Of his many accomplishments, Gray is most proud of his race last year in Slovenia. There, he led the Americans to their first-ever silver medal at the World Mountain Running Championship. His 10th-place finish was the highest finish of any American since mountain running has become an International Association of Athletics Federation world-championship event.

“The Africans were supposed to take all the medals,” Gray said. “A lot of guys stepped up so we held our own.”

Being about 12 kilometers uphill, the course gained about 1,000 meters, or 3,000 feet, in elevation. Gray’s biggest challenge during the race was having to get out of his comfort zone and push himself early on in the race.

“You have to be mentally tough,” he said. “I love the high stress and thrive off the big races. That’s when the best of me comes out.”

Sometimes running twice a day, Gray trains by running around Newcastle, and Cougar and Tiger mountains.

“I try to avoid the treadmill. It’s hard to enjoy running on a treadmill, because it loses its element of adventure,” he said.

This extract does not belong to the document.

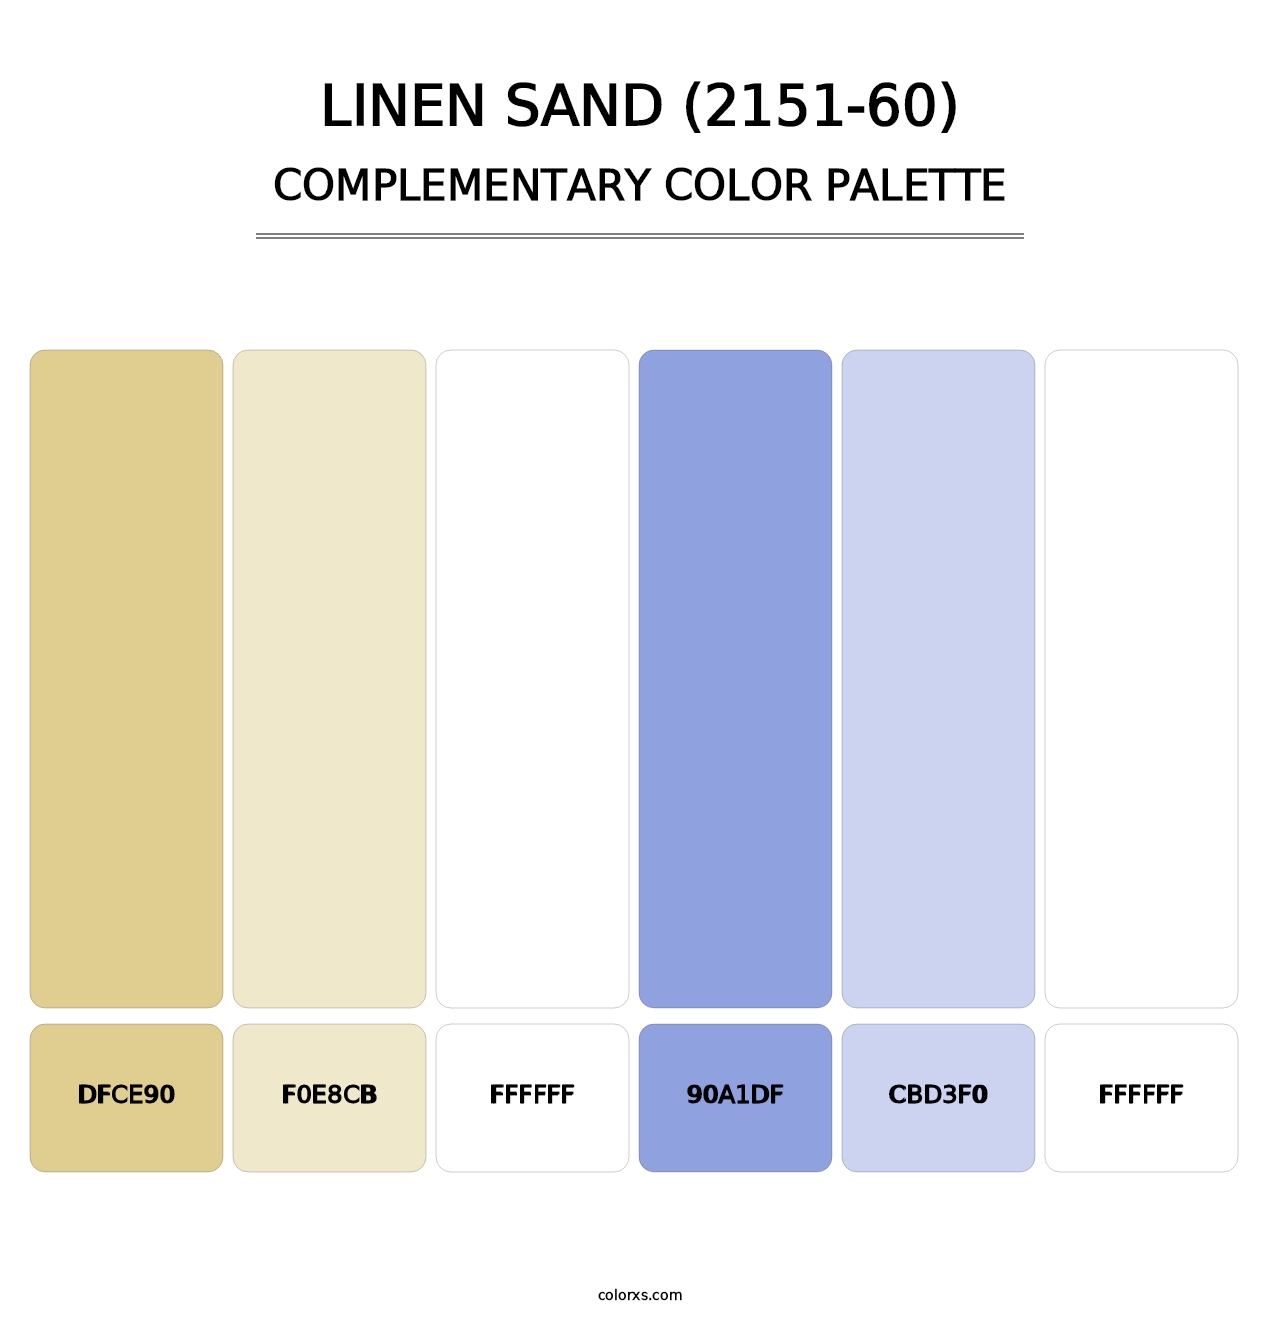 Linen Sand (2151-60) - Complementary Color Palette

When it comes to diet, Gray tends to take a very loose approach. He eats a lot of green “superfoods,” fruits and vegetables, but admits a weakness for Key lime pie and pizza. During the off-season, he takes between three and four weeks off.

“My biggest advice for someone starting out is to stay consistent and start slow. There’s no reason to rush into it,” he said. “Stay balanced mentally, physically and spiritually.”

Luckily, throughout his career, Gray hasn’t faced too many major injuries. His biggest injury came leading up to the world snowshoe championship in Japan. Originally starting out as a groin injury, this soon developed into a damaged sacroiliac joint in his lower back.

“It hurt leading up to the race and I had to take a lot of time off,” he said. “It was a very serious injury, I probably shouldn’t have gone.”

Despite his injury, Gray won first place in the sprint and second in the distance race.

Gray’s next event will be the 8K Seafair Torchlight Run. After that will come the Sierre-Zinal Mountain Race in Switzerland.

“This race will be very similar to the one I just ran in Mexico,” Gray said. “The major difference is that the Switzerland race will be less technical.”

For his accomplishments, Gray has earned sponsorships from several prominent businesses. Furnishing his apparel needs is the Japanese company CW-X. His footwear needs are met by Inov-8, a shoe company originally from the United Kingdom. Other notable sponsors include BeHive Massage Therapy, Bellevue’s Sports Reaction Center and Mio Watches.